### What you have to do
Copy the data exactly as it appears, and do not include any pictures.

### Data section
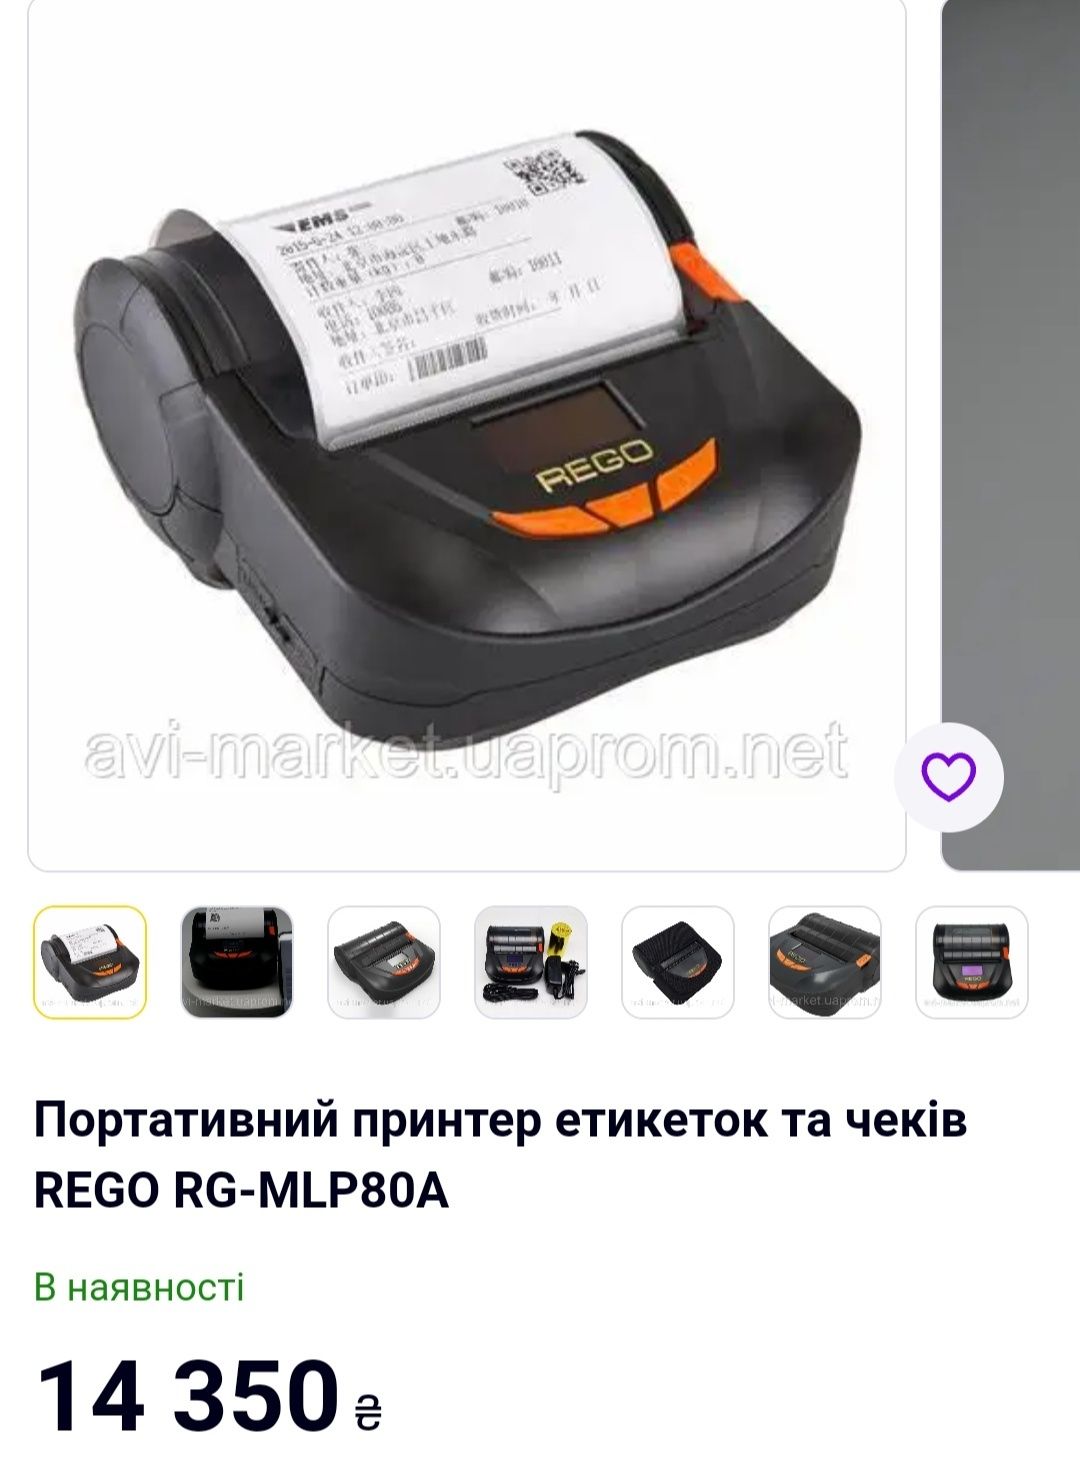 Портативний принтер етикеток та чеків REGO RG-MLP80A
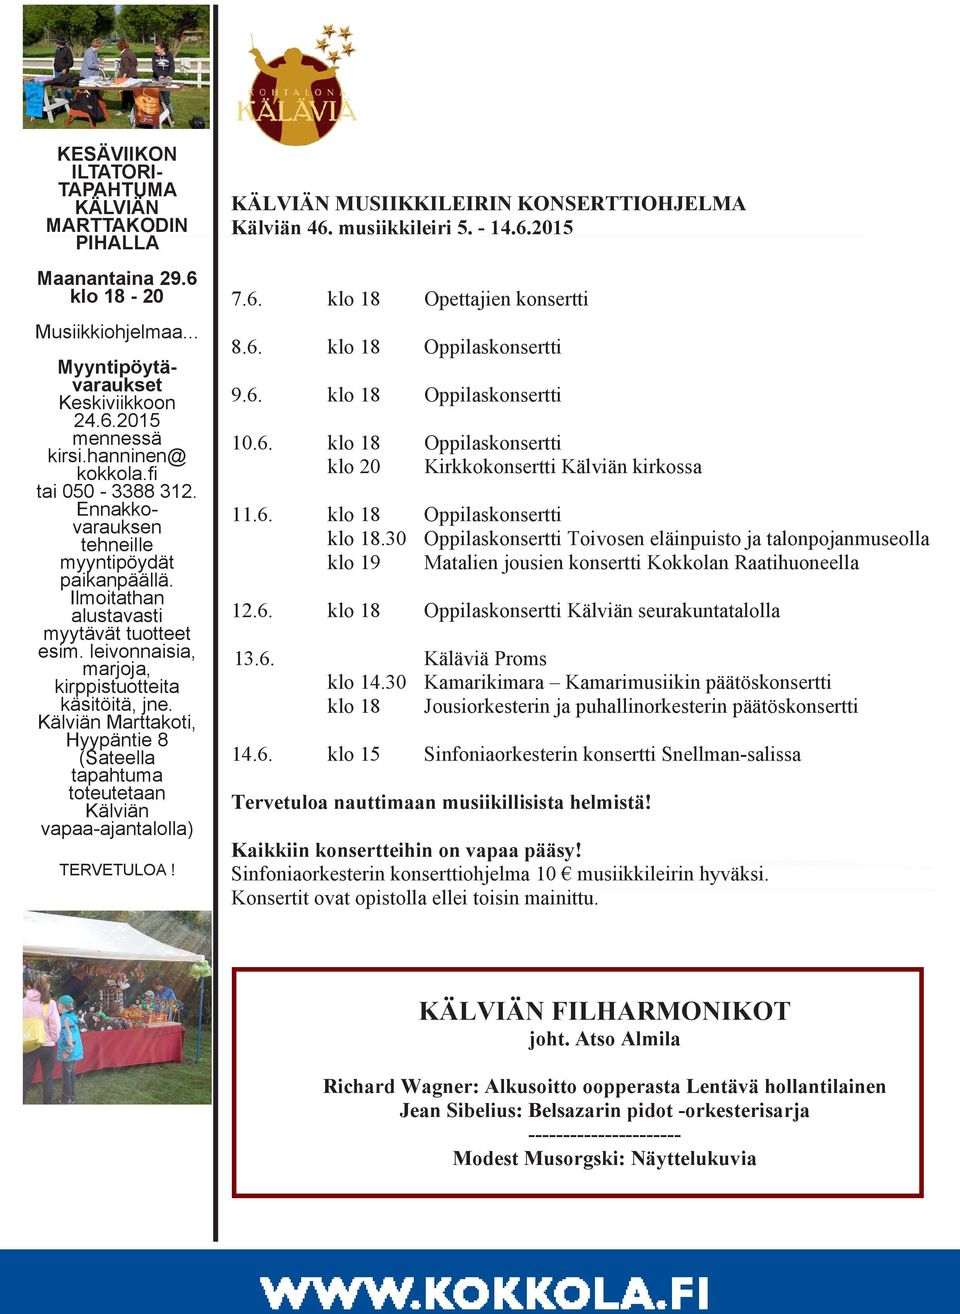 Kälviän Marttakoti, Hyypäntie 8 (Sateella tapahtuma toteutetaan Kälviän vapaa-ajantalolla) TERVETULOA! KÄLVIÄN MUSIIKKILEIRIN KONSERTTIOHJELMA Kälviän 46. musiikkileiri 5. - 14.6.2015 7.6. klo 18 Opettajien konsertti 8.
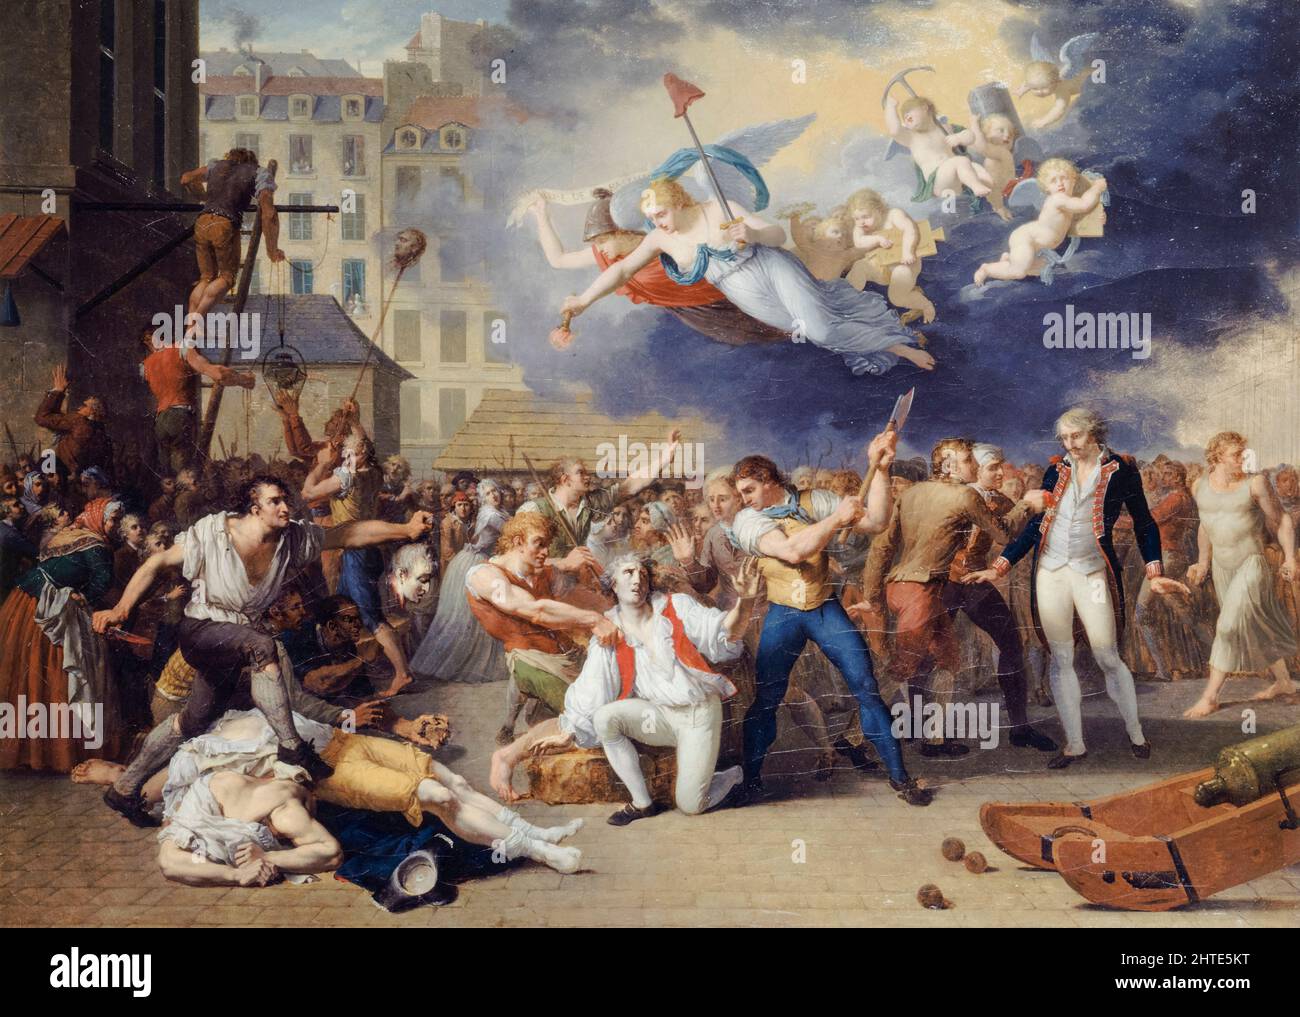 Der Marquis de Pelleport (1754-1807), versucht vergeblich, den Major der Bastille zu retten, Antoine-Jérôme de Losme-Salbray, Juli 14. 1789, (Sturm auf die Bastille), Öl auf Leinwand Gemälde der Französischen Revolution von Charles Thévenin, 1789 Stockfoto
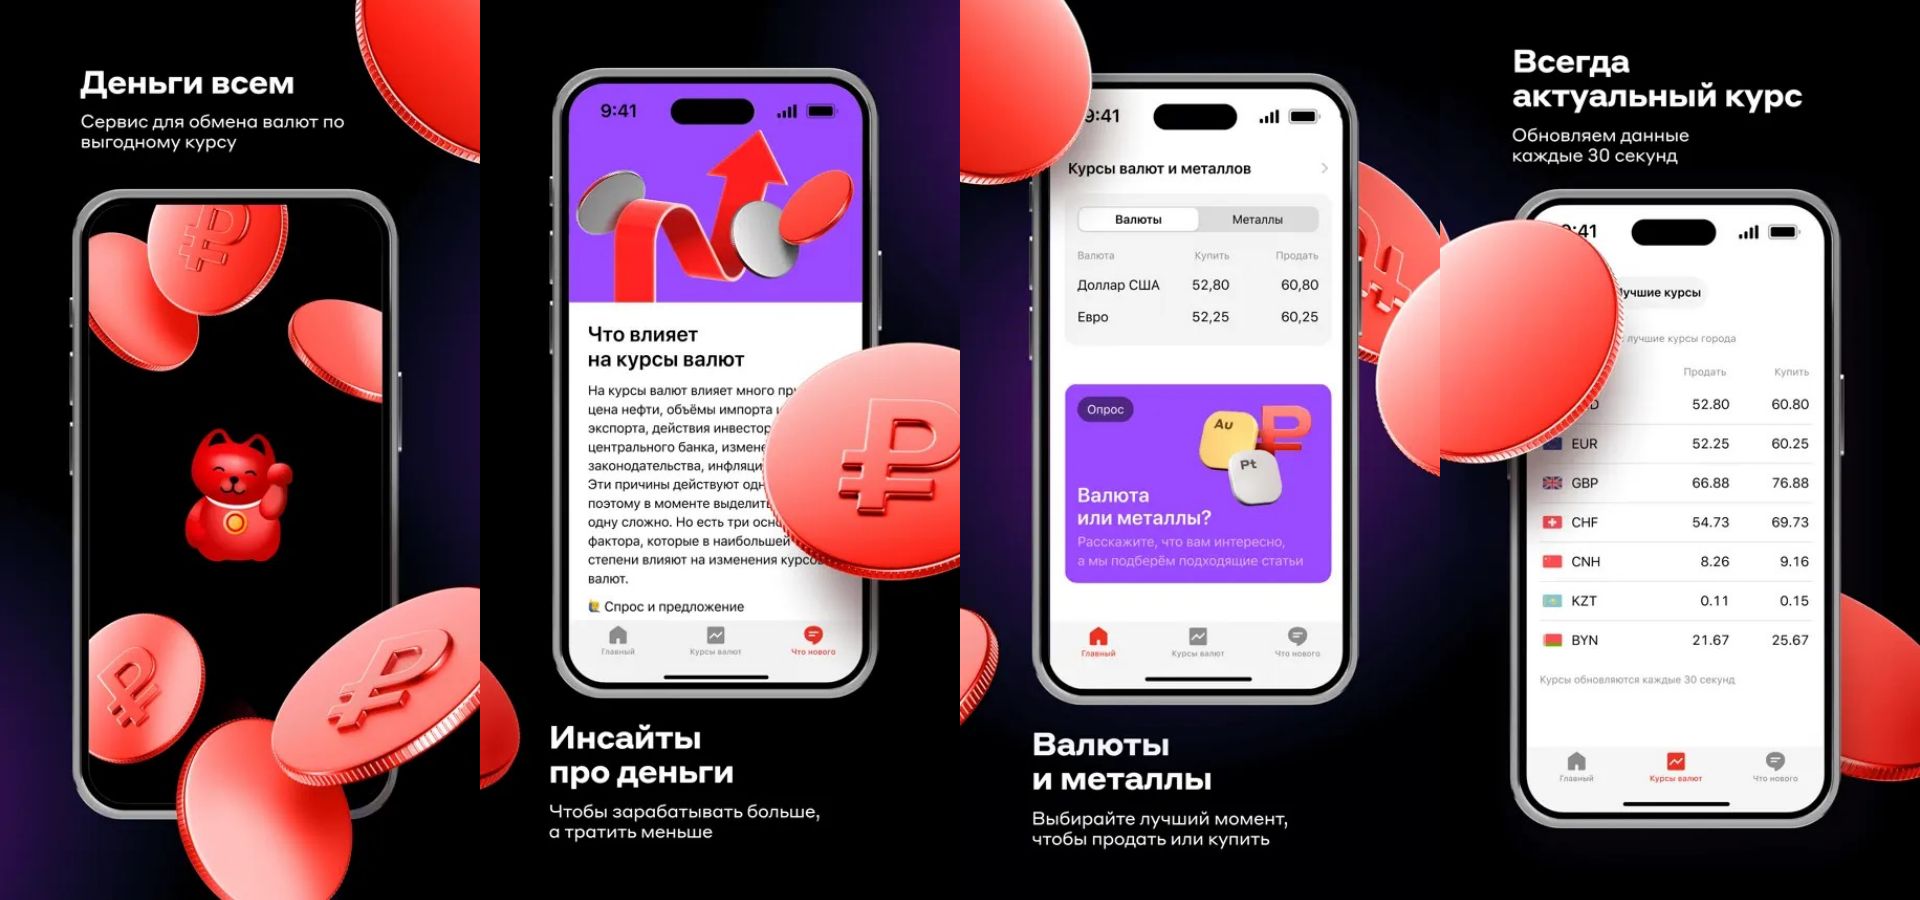 Новое приложение «Деньги всем» в App Store рекомендовано всем клиентам « Альфа-Банка» — Wylsacom

### Expected answer
 Портативний принтер етикеток та чеків REGO RG-MLP80A
 Kälviän Marttakoti, Hyypäntie 8 (Sateella tapahtuma toteutetaan Kälviän vapaa-ajantalolla) TERVETULOA! KÄLVIÄN MUSIIKKILEIRIN KONSERTTIOHJELMA Kälviän 46. musiikkileiri 5. - 14.6.2015 7.6. klo 18 Opettajien konsertti 8.
 Der Marquis de Pelleport (1754-1807), versucht vergeblich, den Major der Bastille zu retten, Antoine-Jérôme de Losme-Salbray, Juli 14. 1789, (Sturm auf die Bastille), Öl auf Leinwand Gemälde der Französischen Revolution von Charles Thévenin, 1789 Stockfoto
 Новое приложение «Деньги всем» в App Store рекомендовано всем клиентам « Альфа-Банка» — Wylsacom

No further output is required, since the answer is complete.